I kinda agree. Not sure why, it looks big and, well, big….
And the brakes and the forks.
sigh….
bollocks to both of those….
calm doon. The valve holes are opposite the logo on these rims so the logo on the tyre stays beside the logo on the rim. Otherwise you’d have logos opposite each other. Don’t you know nuffink?
It’s a bit of a jack of all trades, not a true crosser, not a true road bike
erm yes.. that’s the point….
And the mahoosive excess loop of cable feeding the rear mech
Pish. It’s the right length.
it wants the centrelines of the seatstays, seat tube and top tube to intersect at a single point.
No it doesn’t. It wants the negative space of the front and rear triangles to work together. Which it does.
Slightly perturbed by it appearing to have rack mounts but not mudguard eyelets. Odd. Maybe I’m not looking hard enough.
Correct, you’re not looking hard enough. It has rack and mudguard eyelets. But don’t be perturbed, it’s only a bike.

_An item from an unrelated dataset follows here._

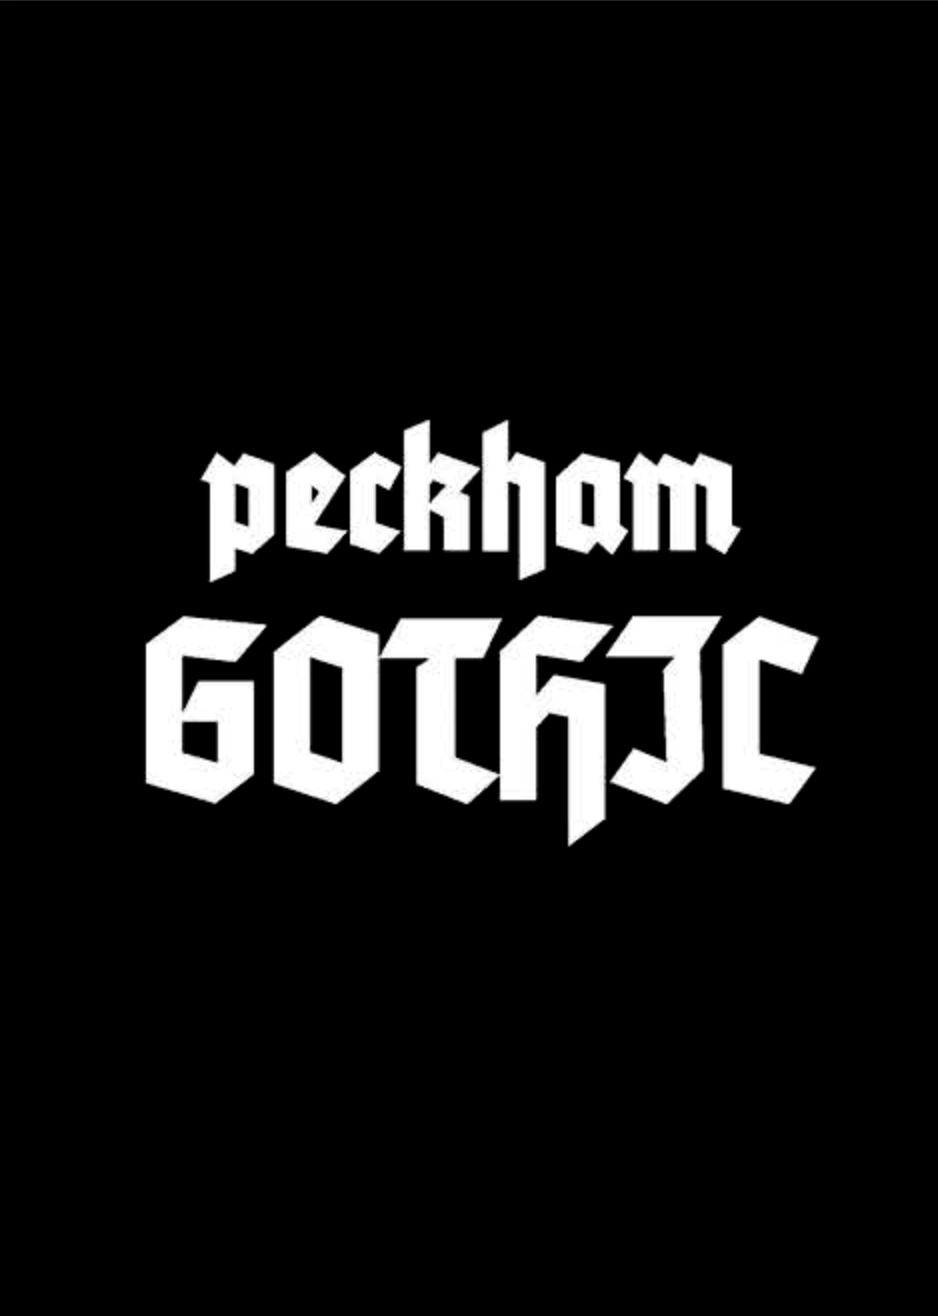 Peckham Gothic  Lewis Bush

No idea why you’d send a bike to a photoshoot withthat saddle but if you did, would you not slide it forward on the rails a bit?
No I wouldn’t, because it’s customers bike set up and built to fit him. (same answer for the stem haters and the lever reach adjustment doubters) Oh, and sending to a photoshoot means wheeling to the other side of the workshop, leaning it up against the black paper and clicking the clicky thing on the camera. Don’t over think it. 🙂
Disc wheels are lighter, as they don’t need to build in the strength in the braking surface.
Except in this case, the A23 for rim brakes has a machined sidewall when the disk version doesn’t so the non disk version is actually lighter!
But I actually agree, we almost always spec the disk version but we had no stock and neither did the distributors.